Speaking of getting shafted, we’ve also endured Linekergate during which our new national treasure was censored by the BBC for criticising the Government. Silly Gary, everybody from Alan Sugar to Fiona Bruce could have told him, it’s the left wing you should be criticising in order to remain impartial. He was obviously too busy worrying about Leicester City’s plight to read the mandate laid out by Boris Johnson’s chum and BBC Chair, Richard Sharp. Lineker’s mates in the broadcasting industry (which turned out to be everybody) refused to appear on Match of the Day in solidarity, leaving the BBC to serve up a half-baked highlights show devoid of searing insight from the likes of bald scarecrow, Alan Shearer. The show began with a silent title card proclaiming ‘Premier League Highlights’, ironically much like the intro to propaganda from some far-flung state-owned channel.

So, here we are, up to date on the soap opera, and twiddling our bum fluff as an international break sits astride the weekend like a flatulent gargoyle. Finally a few days without the constant churn of club football. What better way to reflect on each club’s season and prospects down the home straight than via Northern Soul’s patented Despondency Index. Who, you may ask, has planted their colours atop this steaming dung pile? Let us strike out for the fair city of Liverpool and find out.

Liverpool FC
Despondency Rating: 9.1/10
Expected league finish – 6th

Have we reached a low point in Klopp’s reign, where the club’s season DVD revolves around one match? The 7-0 thrashing of United was hilarity personified, as was Gary Neville’s post-match meltdown which provided a new low for sports broadcasting.
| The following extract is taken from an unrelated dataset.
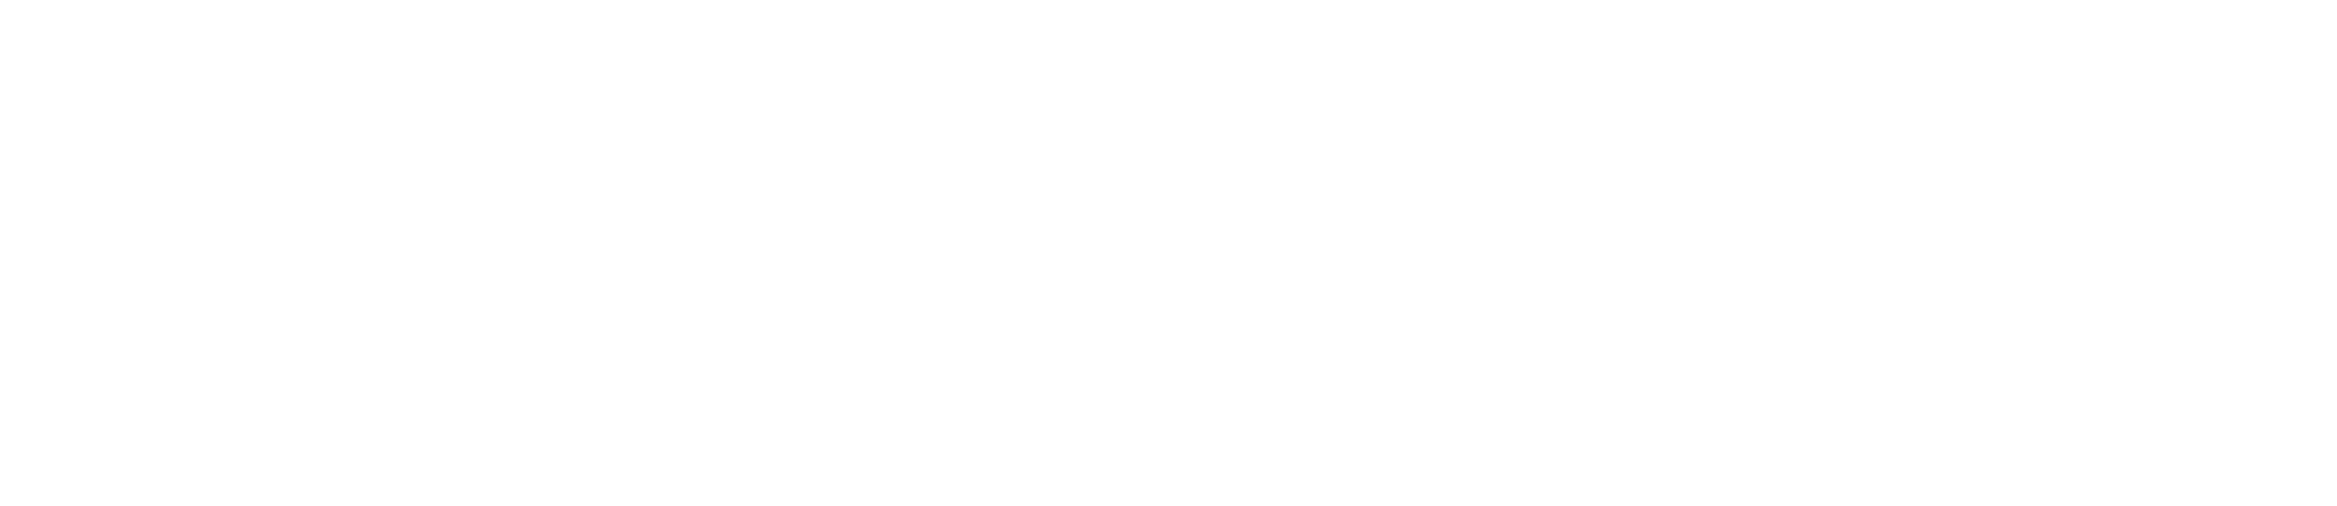 PlumberCo logo

Yet this will prove scant consolation for an increasingly miffed fanbase who feel the owners have whipped the rug from under their revered manager, preferring to spend their time on YouTube watching PowerPoint tutorials for a whizz-bang sales presentation. A few kicked tyres later, FSG have decided they never wanted to sell in the first place and are now casting a worried eye at what’s under the bonnet.

Liverpool may have spent the last few years living the dream, a dream that means more. However, the club now faces something of an existential crisis. As Man United host the Great British Buy Off, LFC blow out their cheeks and talk about sustainability. Is this a good thing? In principle, yes. In practice, the jury’s out. The club’s current iteration could well have run its course and to keep sticking around in title races without considerable investment may be biting off more than even Klopp’s mighty teeth can chew.

Everton

Despondency Rating: 9/10

Expected league finish – 17th

Speaking of which, Everton are as toothless as an episode of Midsomer Murders. Given the last three games however, there is a sneaking suspicion that Dycheball may just keep Everton up. The pressure on their remaining games will be immense though. A relegation battle is not for the faint-hearted, and neither is the Sean Dyche brand of football. Of course, we can all see the Sisyphean cycle here. Manager keeps club up with rancid football, investment promised, investment denied, Everton plunge into another relegation battle, manager sacked, repeat ad infinitum.

Disturbingly, all this is now playing out to the backdrop of a Premier League investigation into the club’s finances amid allegations of breaking domestic FFP rules. At times the club appears to be run so badly you can almost see Moshiri in the boardroom, like the last days of Hitler, screaming at his advisors asking why nobody told him about this thing called FFP. With storm clouds gathering, and if Everton finally succumbs to relegation’s icy grasp, not even John Nettles will be able to solve the riddle of the club’s finances.

Leeds United

Despondency Rating: 8.2/10

Expected league finish – 16th

Onto one of the clubs which made an official complaint about the irregularities in Everton’s finances following that tight relegation scrap last season.

Leeds’ 4-2 win at Molyneux before the international break was something to behold. Chaotic, uncontrolled and quite frankly batshit mental, it encapsulated Leeds perfectly. New manager, Javi Gracia, may well want his team to display a pragmatic streak, but the players didn’t get the memo. Their last two results read six goals for and four against. This isn’t planned chaos, simply an inability to control the game at any given moment. But in the shadowy realms of relegation, all that matters is points. I’m sure Gracia would prefer a couple of Dyche specials, but needs must when the devil vomits in your kettle. Take the points and get the hell out of there.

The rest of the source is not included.